I wonder if it knows what Christmas is, if it knows about Christmas Eve.
What child doesn’t?
I wonder what the trains are like today. I wonder if it’d like me to take it to London. We could go to Hamleys. The Christmas lights.
We could go to the zoo. I wonder if it’s ever been to the zoo. Children love the zoo. I wonder if the zoo’s open this close to Christmas. Or we could go and see, I don’t know, guardsmen, they’ll be there regardless of Christmas with the bearskins on, the red tunics. That’d be something splendid. Or the Science Museum, where you can see things like your own bones through your hands.
(Ah.
The head didn’t have any hands.)
Well, I could push the buttons for it, the interactive things, I could do those things for it if it can’t do them for itself. Or the V and A. Things of such beauty, no matter how old or young you are. The Natural History Museum. I can tuck it inside my coat. I’ll take a big bag. I’ll cut eyeholes. I’ll fold a scarf for the bottom of the bag, a jumper, something soft.
The head was on the windowsill sniffing at what was left of the supermarket thyme. It closed its eyes in what looked like pleasure. It rubbed its forehead against the tiny leaves. The scent of thyme spread through the kitchen and the plant toppled into the sink.
While it was in there, the plant, Sophia turned on the tap and gave it a drink.

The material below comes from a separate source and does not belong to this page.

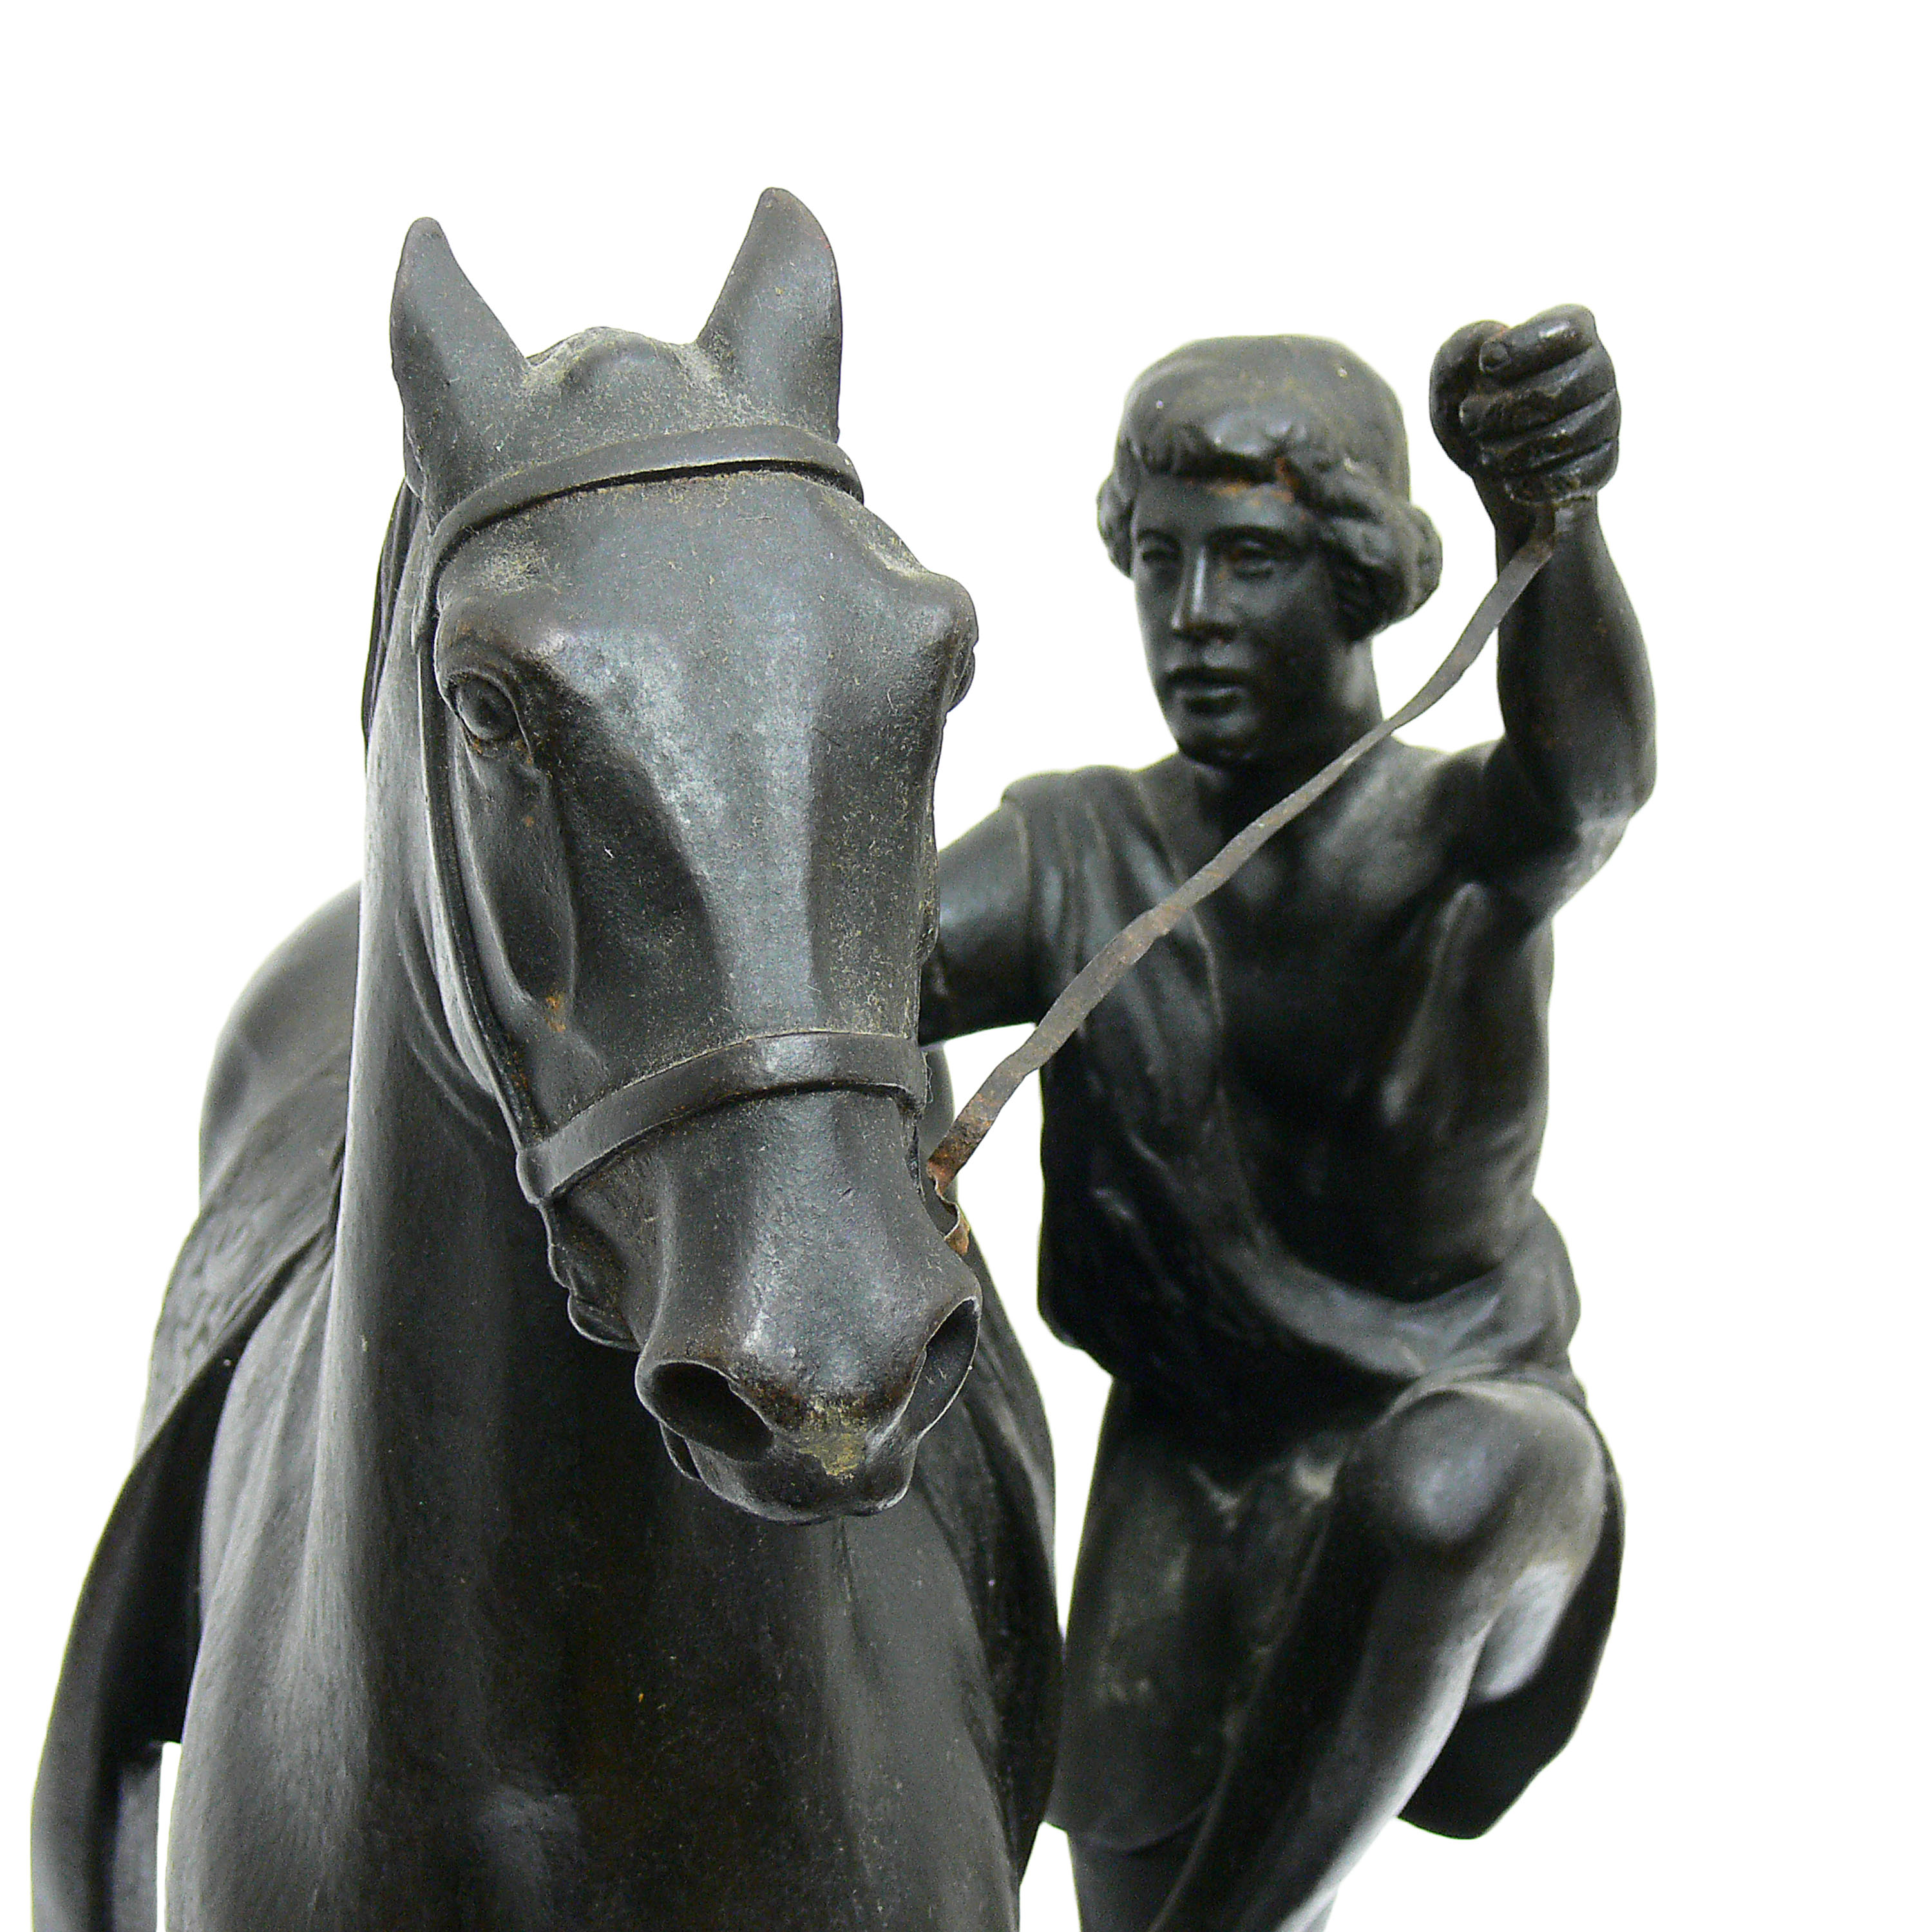 Peter Klodt von Jürgensburg | Grecki jeździec dosiadający konia, przed 1917 r.

Then she sat at the table with the coffee. The head settled next to the fruitbowl, apples, lemons. It made her table look like an art joke, an installation or a painting by the artist Magritte, This Isn’t a Head; no, like Dalí, or the De Chirico heads, but funny, like Duchamp who put the moustache on the Mona Lisa, even something like a tabletop still life by Cézanne whom she’d always found on the one hand unsettling and on the other refreshing given that he reveals, though it’s hard to believe, that things like apples and oranges can be blues and purples as well, colours you would never have believed they had in them.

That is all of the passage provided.